In this privacy policy we provide information required by the General Data Protection Regulation 2016/679 of the European Union (“GDPR“) to persons registered as fundco’s clients and persons receiving marketing material.

In particular, we explain how we collect, retain and otherwise process personal data of our clients and potential clients when we provide and market our services and when we conduct client acquisition.

2 Controller and contact details of the controller

fundco ltd (“fundco” or “we“) acts as the data controller in accordance with this privacy policy.

The contact person of the controller is Santtu Saijets.

Address: Pohjoinen Makasiinikatu 6 A 4, 00130 Helsinki

E-mail: santtu.saijets@fundco.fi

3 Purposes and legal bases for the processing of personal data

The main purpose of processing personal data is to provide and market fundco’s alternative investment fund services (“Services“). We can only process personal data on legal bases derived from data protection legislation.

The main legal bases for processing personal data are the legitimate interest of the data controller, the legal obligation of the controller, the performance of a contract between the data subject and the controller and pre-contractual measures taken at the request of the data subject as well as the consent of the data subject, if such is required.

Fundco processes personal data on the basis of legitimate interests when the processing of personal data is in connection with direct marketing to clients and potential clients, client satisfaction surveys, and market research as well as to answer to contact requests.

The table below lists, by category, the purpose of the processing, the legal basis and the categories of personal data processed. For a more detailed description of the categories of personal data to be stored, see section 4.

Purpose of processing	Legal basis	Categories of personal data
Implementation of agreements and their terms, including any necessary measures taken prior to their conclusion	Legitimate interest of the data controller Contractual relationship or pre-contractual measures taken at the request of the data subject	Identity data; customer due diligence data
Customer service and communication	Contractual relationship or pre-contractual measures taken at the request of the data subject Legitimate interest of the data controller	Sales and marketing contact data
Customer identification and identity verification	Legal obligation of the controller	Customer due diligence data
Direct marketing by email and other marketing and outreach to individuals, such as potential clients	Legitimate interest of the data controller; Consent of the data subject (where relevant)	Identity data; sales and marketing contact data; consents and refusals
Direct marketing by email and other marketing to business clients, potential business clients and other businesses that have not expressly prohibited direct marketing	Legitimate interest of the data controller	Identity data; sales and marketing contact data
Information on current news and events in the form of a newsletter	Legitimate interest of the data controller; Consent of the data subject (where relevant)	Identity data; consents and refusals

4 Categories of personal data

This table specifies in more detail the categories of personal data referred to in section 3 insofar as they are not otherwise unambiguously specified in the previous section.
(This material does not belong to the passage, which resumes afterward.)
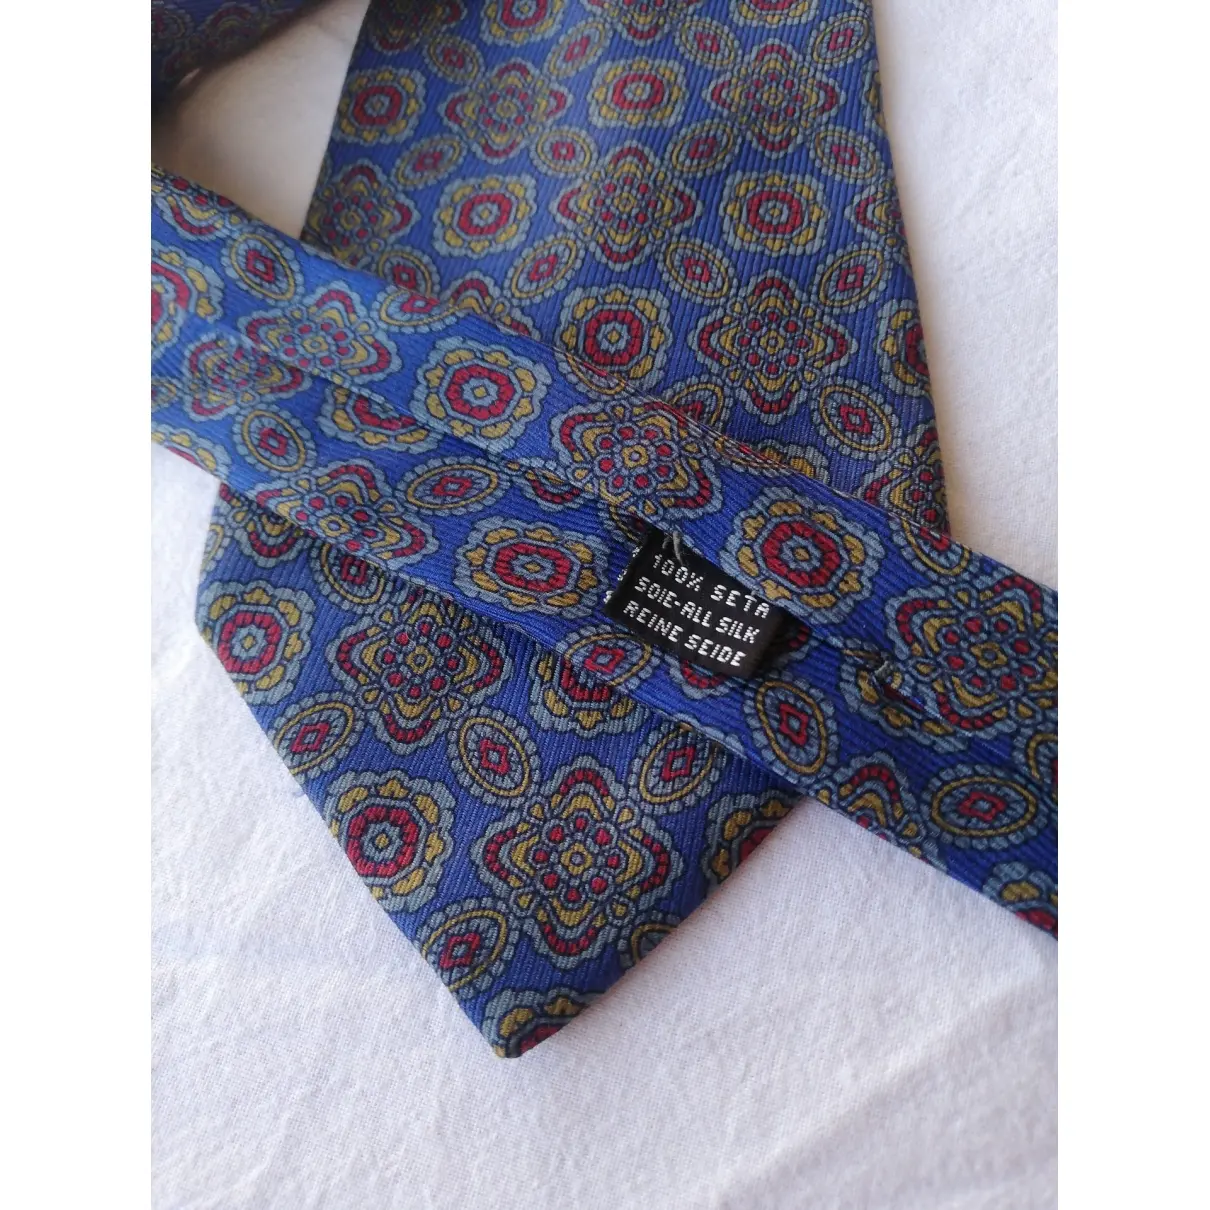 Saint Laurent Silk tie for sale - Vintage

Category of personal data	Content of the category
Identity data	The natural person’s (data subject’s) name, email address, telephone number, addresses (if necessary), age, company, title, possible place of study, place of employment and other business contacts, information on whether the company represented by the data subject is our client
Consents and refusals	Consents and refusals given by the individual for the different purposes of processing personal data and for direct marketing
Analytics and modelled data	Data processed or acquired by fundco and used for the development, implementation and management of the business
Sales and marketing contact data	The data collected via our CRM system includes identity and contact data, contact activity via email or other channels with fundco’s employees and the source of the data. CRM system also maintains marketing lists and marketing preferences of contacts.
Customer due diligence data	Customer due diligence data within the meaning of the Act on Preventing Money Laundering and Terrorist Financing (444/2017), such as identification data and a copy of an identity document

5 Sources and updating of personal data

The personal data we process is mainly obtained from the data subjects themselves in connection with the use of our services or other communications.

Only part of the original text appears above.